Image credit: Dorthe Wildenschild, Oregon State University
The mechanization used in agriculture is getting more and more vast as time goes on, we are now using tractors weighing tens of tonned, with a relatively small footprint, and now with GPS guidance, the wheels are travelling on the same path each year.
A study completed by a team from the Oregon State University has found some alarming results, following the completion of a CT scan on two soil cores. The image above shows the pores in an untrafficked soil, and the pores in a soil driven over by a harvester 14 years earlier in an experiment.
The results are very clear; the compaction has caused most of the lateral pores, and some of the vertical pores to not just shrink, but disappear. This will cause water to flow into the soil, but not be able to diffuse through the soil matrix.

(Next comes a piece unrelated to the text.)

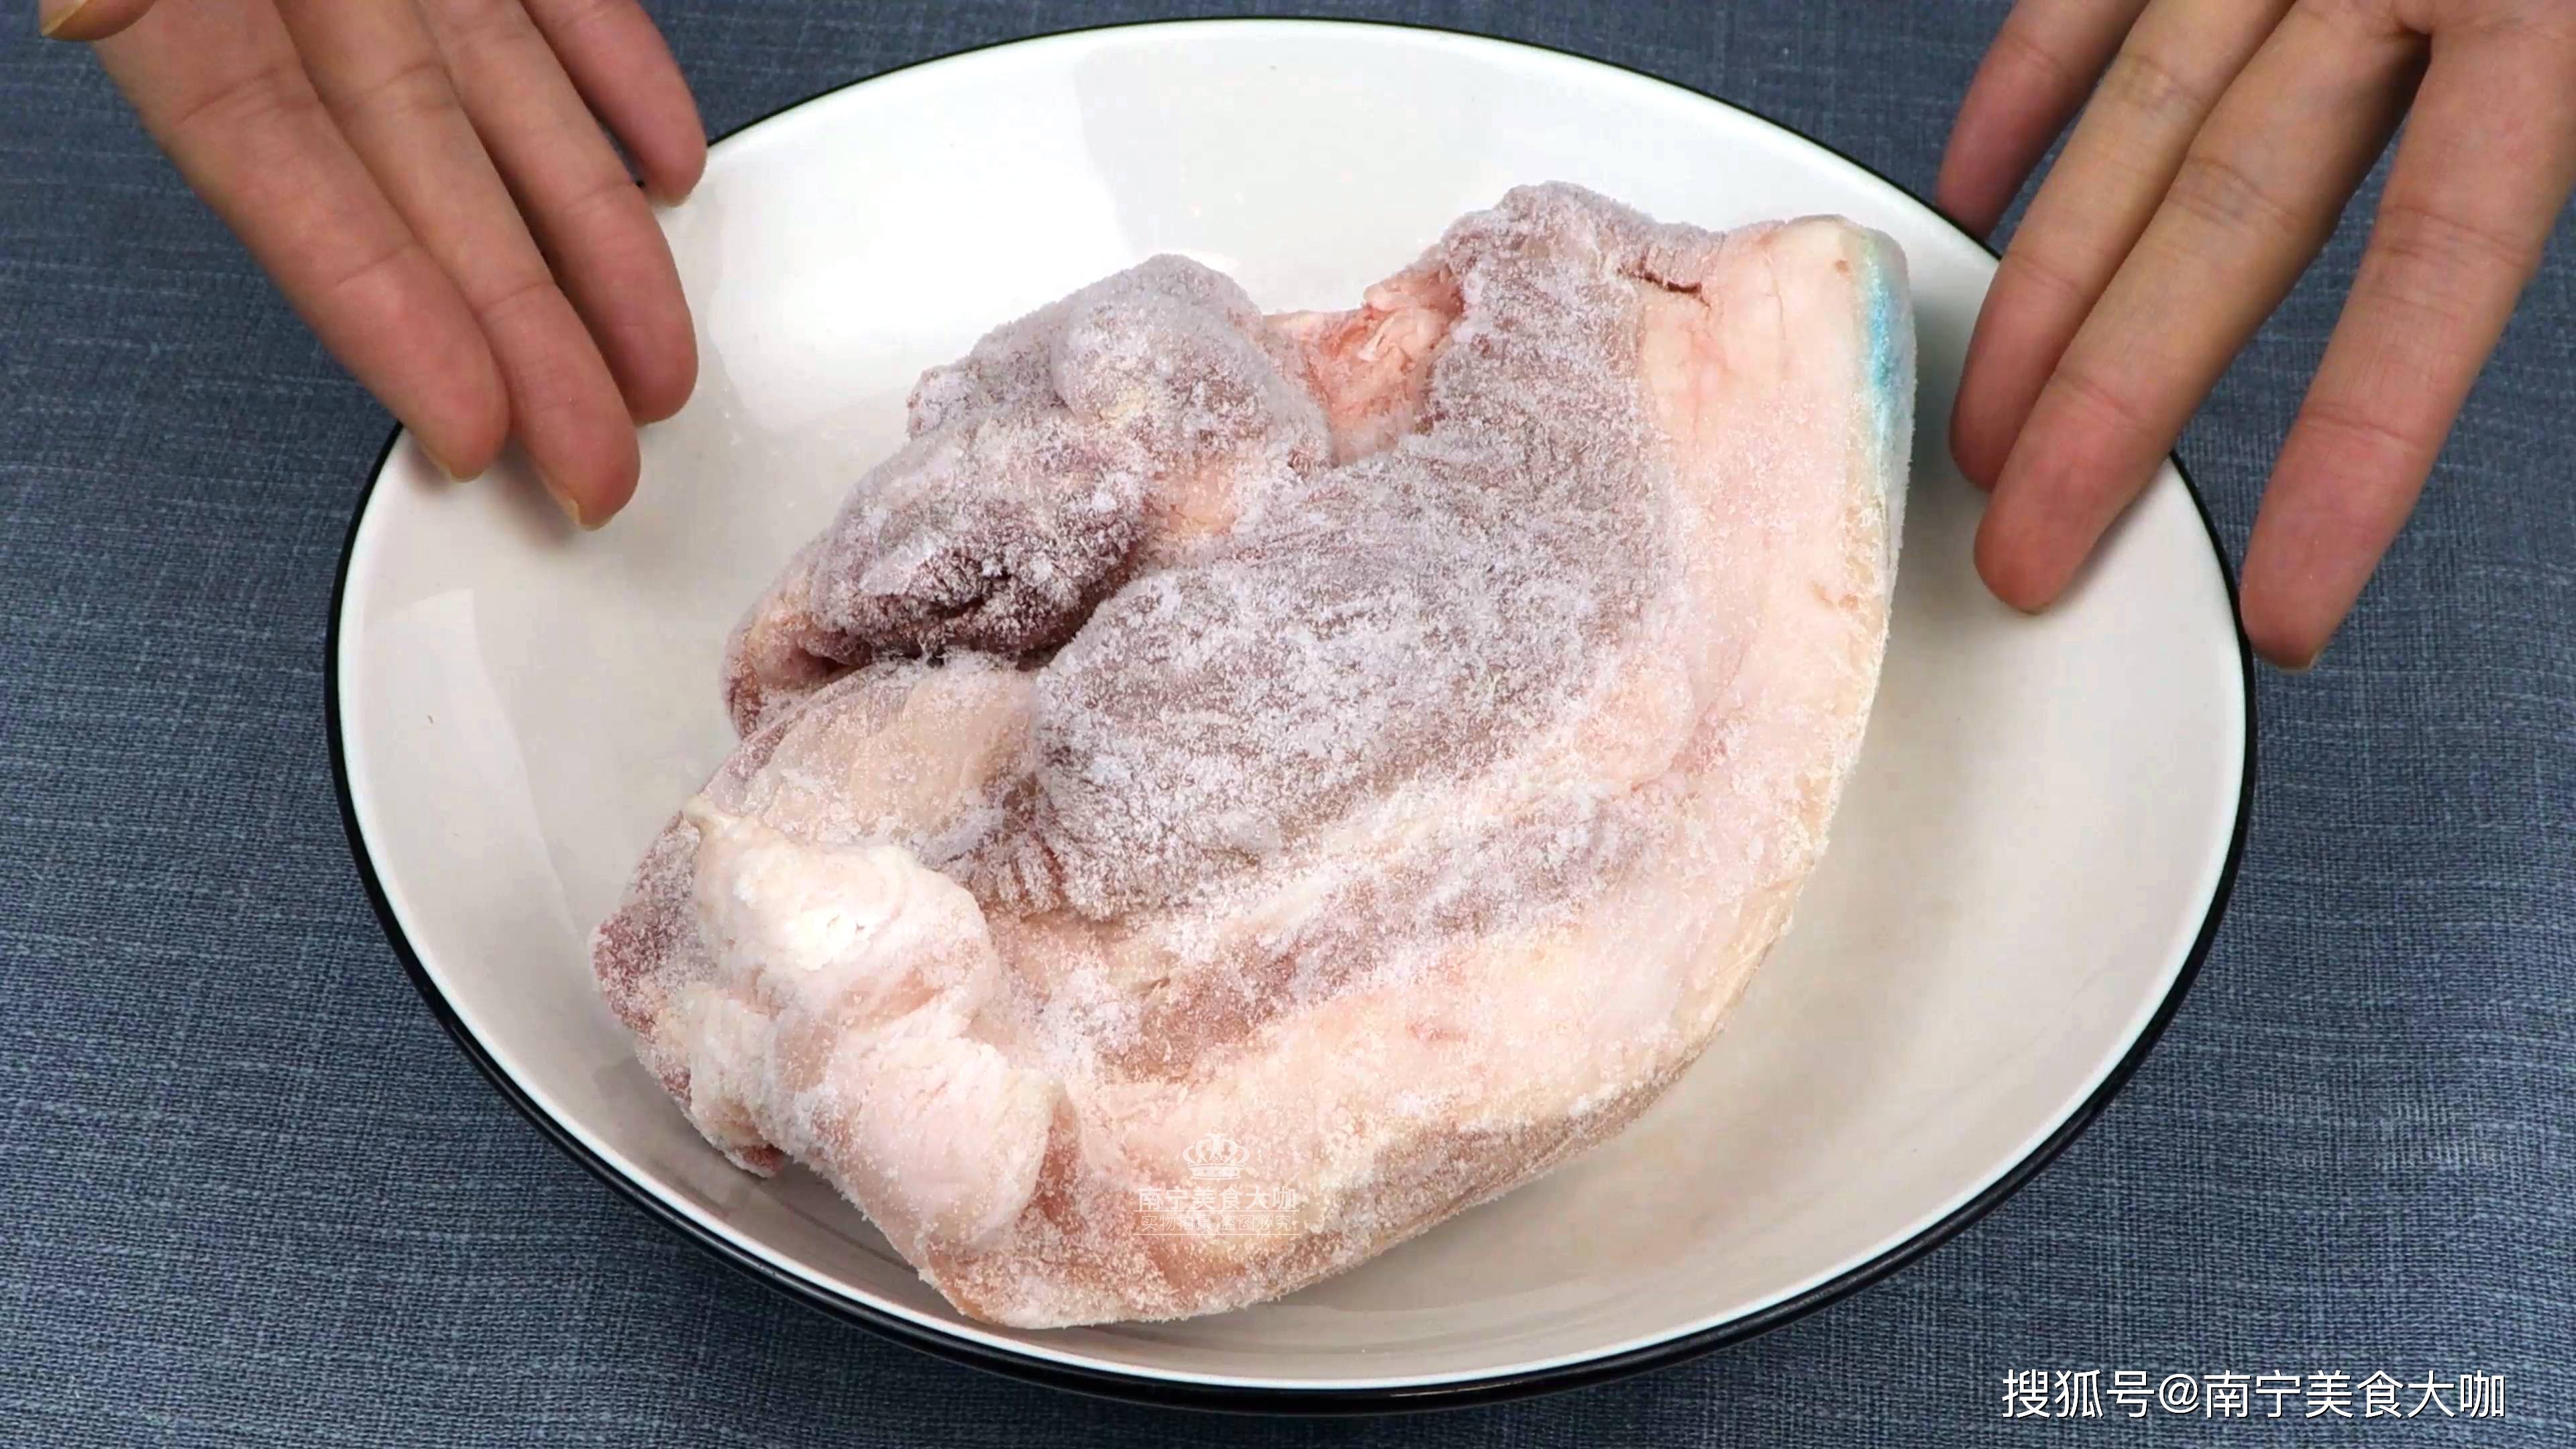 原创解冻猪肉用热水还是冷水?很多人用错了,难怪猪肉解冻出来不好吃

The group examined soil cores taken from a depth of 0.3 to 0.4 meters in plots where 30 years earlier a heavy tractor and trailer drove over the ground four times in an experimental treatment. Despite the elapsed time, macropores in the compacted subsoil were still highly altered compared with control soils, what’s more, the damage was done by wheel loads that were considerably lower than those used in agriculture today.
Another interesting use of technology, giving us much more information that the ‘pentrometer’ which has been used for the last 100 years to indicate soil compaction.